Garlic

MARGARET GIBSON

Up from the depths
of the raised bed of earth
the stalks lift thin banners,
green in the wind.
The roots clasp the soil,
with the reluctance of lovers
letting go. But the earth
breaks open, warm as biscuits,
and the pale bulbs, crusted
with earth crumbs, enter
for the first time
air.

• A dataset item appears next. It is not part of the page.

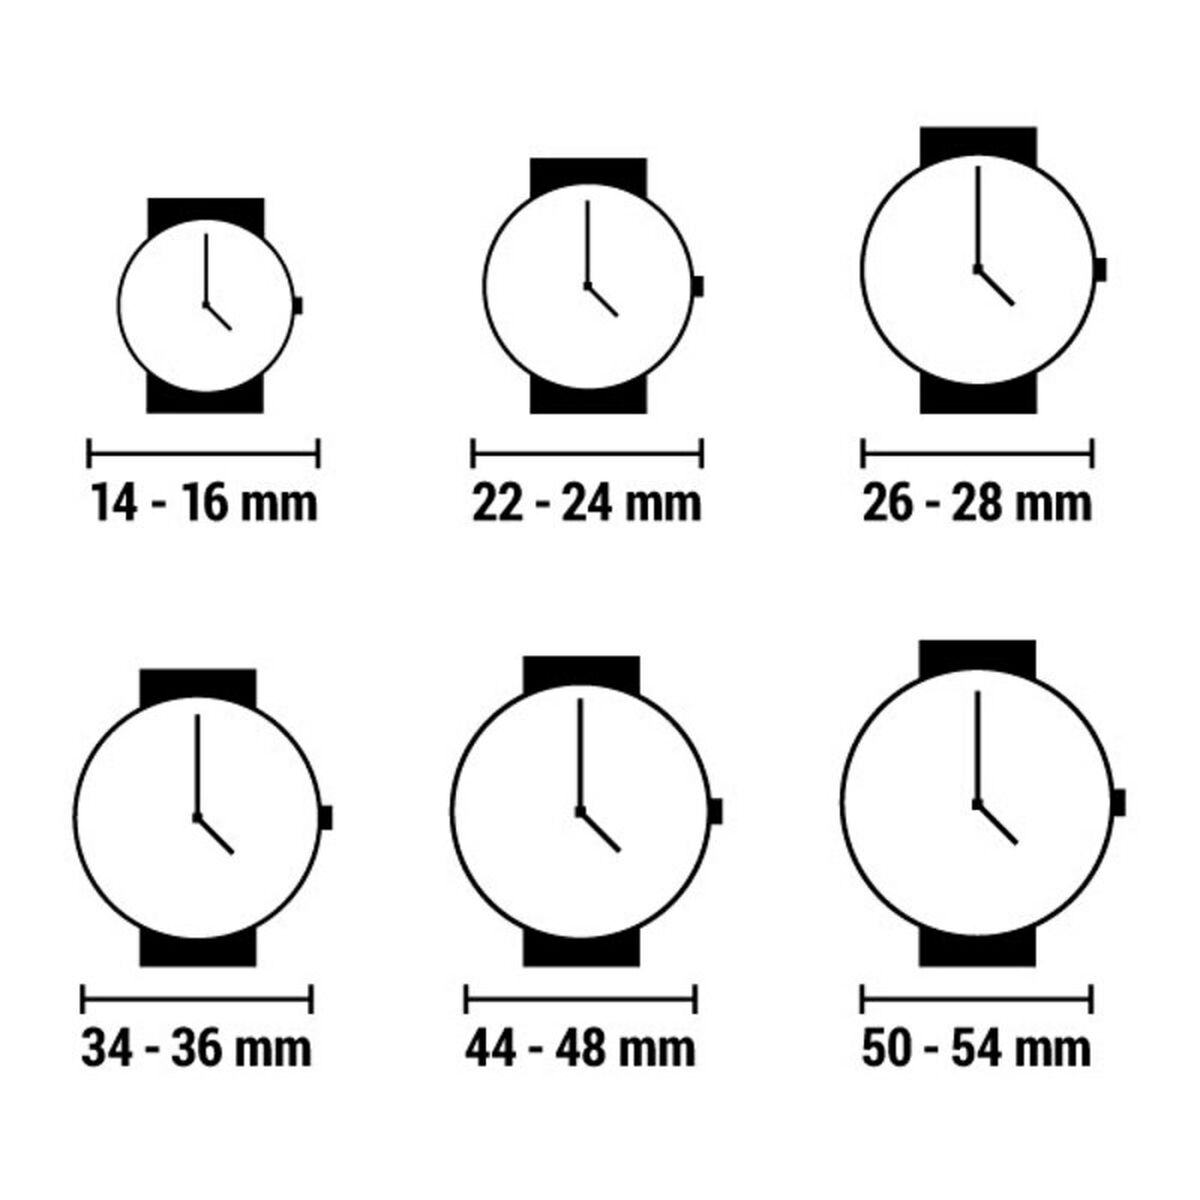 Horloge Dames Nixon A1091-3005-00 (Ø 38 mm)

Braided, on green pigtails
lashed to the chickenwire gate
of the garden, each bulb
dries to a rustle
weeks later, in my palm—
husky skins fine as rice paper,
veined like the leaf of a lily,
faintly varnished with gold.
Brittle papers that flake
when a thumb pries into
the cluster of cloves, prying
in and in, pinching the flesh
of a clove up under a nail—
and the odor! redolent,
a pungency in which pot roasts
and thick stews gather,
an aroma for eggplants and sesame
melding in a rich mystic kiss,
pure baba ganoush.
Let the feckless take it
odorless in capsules—
I simmer it in wine and tomatoes,
blend it with butter and basil,
lash the curved cloves
to a necklace I wear on my skin,
cold wolf-moon nights in the woods.
I stuff pillows with the skins,
rub the salad bowl of the lover’s
body nightly with garlic,
breathe it out with the love cry,
let it rise, a nebula
into starry night skies …
for what if Dante were wrong
about paradise, the choirs
in their circular rows—what if
the celestial rose weren’t petals
at all, but a commoner light,
a corona of cloves in their thin
garlic gowns, twisting up
into wicks that long to be lit,
and they are lit, flaming up
in the glory of God—
the God of the old myths
who leans over the fence
of the firmament, beyond pale
buds of new stars, leaning
our way, toward our own
common sod, sighing into it,
raising it, his breath
faintly garlic.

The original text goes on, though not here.